Technologies, ICTs and Ambiguity †

Department of System Analysis, Faculty of Informatics and Statistics, Prague University of Economics and Business, 13067 Prague, Czech Republic
Presented at the 5th International Conference of Philosophy of Information, IS4SI Summit 2021, Online, 12–19 September 2021.
Proceedings 2022, 81(1), 113; https://doi.org/10.3390/proceedings2022081113
Published: 12 September 2021

Abstract

:
The expansion of computers draws our attention to quantitative aspects of information at the expense of its qualitative aspects. We thus lose, do not have sense for, and do not develop the specific human aspects of intuition, creativity, and situation involvement. Every person is a genius in his individuality, which cannot be expressed in quantitative terms and deserves respect.

1. Introduction

Information technologies create the impression that information is unanimous and unambiguous. Because they work with clearly defined information and process it with algorithmized processes only, they make us think that all information is clear-cut.
Technological developments, in general, help in routine and monotone tasks. However, especially when dealing with qualitative data, the use of technologies changes their nature.

2. Quantitative and Qualitative Information

ICTs are based on positivistic science.
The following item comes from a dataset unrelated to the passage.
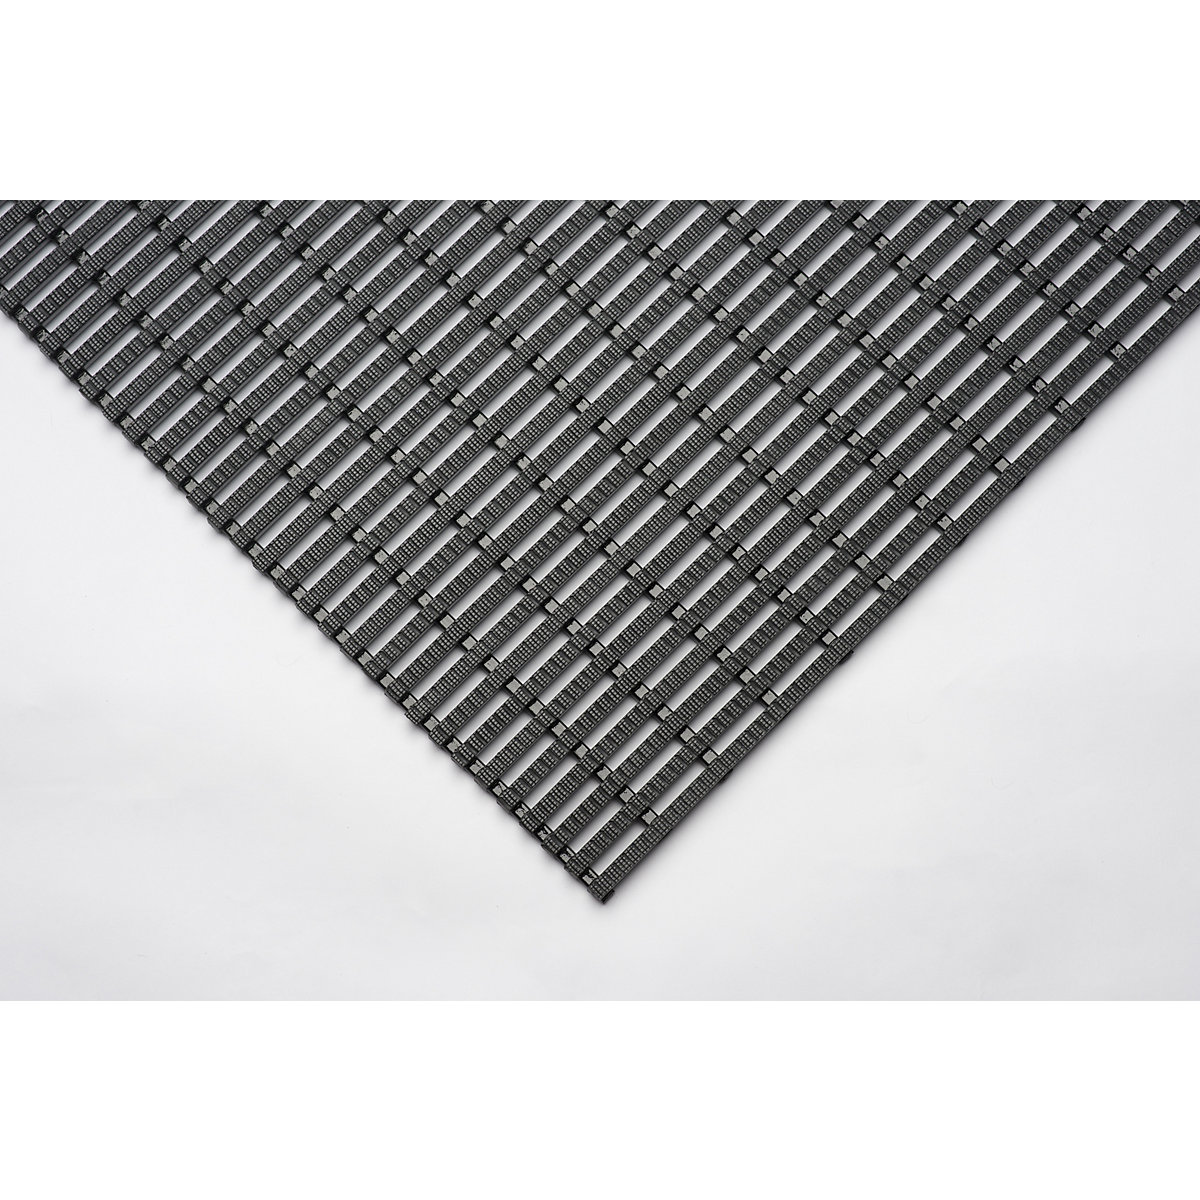 Tapis industriel antidérapant – EHA, rouleau de 10 m, noir, largeur 600 mm-1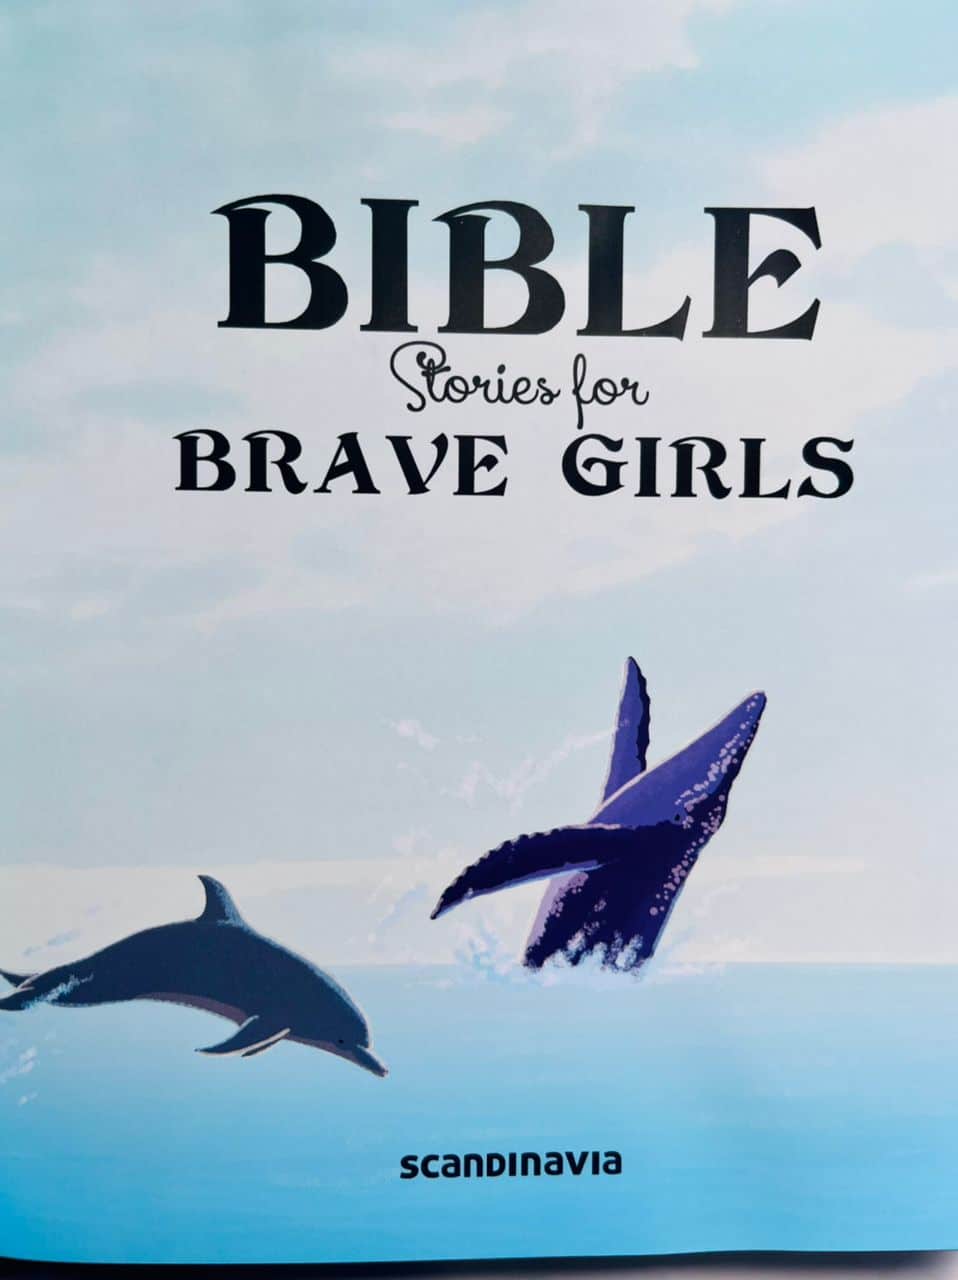 Brave girls 2

Anything qualitative includes meanings that can be opened by interpretation only which consists in the interaction between the interpreter and the object of interpretation. Quantitative analysis on the other hand consists in various types of quantitative aggregation, comparison or categorization. It should be noted in passing that numbers can also be interpreted, but this is not quantitative, but rather qualitative analysis.
Qualitative data contain drives, emotions, subjective feelings, understandings, and are related to the places and times when these vague aspects were perceived. They are indexical—their reference can shift from context to context—they are fuzzy, the boundaries between them are vague and that is why they do not fit for classification with computers. If we approach them quantitatively, we destroy (or at least harm) their meaning.
Quantitative analysis and technologies based on this perspective assumes that the world is composed of objects that can be numbered, counted, measured, and then processed using mathematical methods to achieve true understanding. Their paradigms are natural sciences [1].
A qualitative point of view, or qualitative approach, sees the social world as a continuous interaction between the world and its interpreter. The external world is seen in many perspectives, not just as one of the natural sciences. The objective classification and quantitative analysis of observed entities is not the goal of the endeavor, instead the meaning is the guiding principle. The qualitative approach allows for greater sensitivity towards ambiguities and subtle shades of interpretative meaning of reality. It recognizes that the world is rich and complex. Theory is produced rather than tested.
An example may be language, which allows for the description and representation of various social situations and gives people the experience of being-in-the-world [2]. Language is complex and ambiguous. In the quantitative approach, language is used uncritically without investigating its constitution, operation, influence on thinking, context, intention, etc. Language is not questioned or considered a problem. Language is a tool similar to a computer program that can predictably and reliably do its job.
The heterogeneity of qualitative data is a challenge in qualitative analysis. Qualitative analysis does not proceed linearly, but moves back and forth, searching for the best approximation and concord with the world [3].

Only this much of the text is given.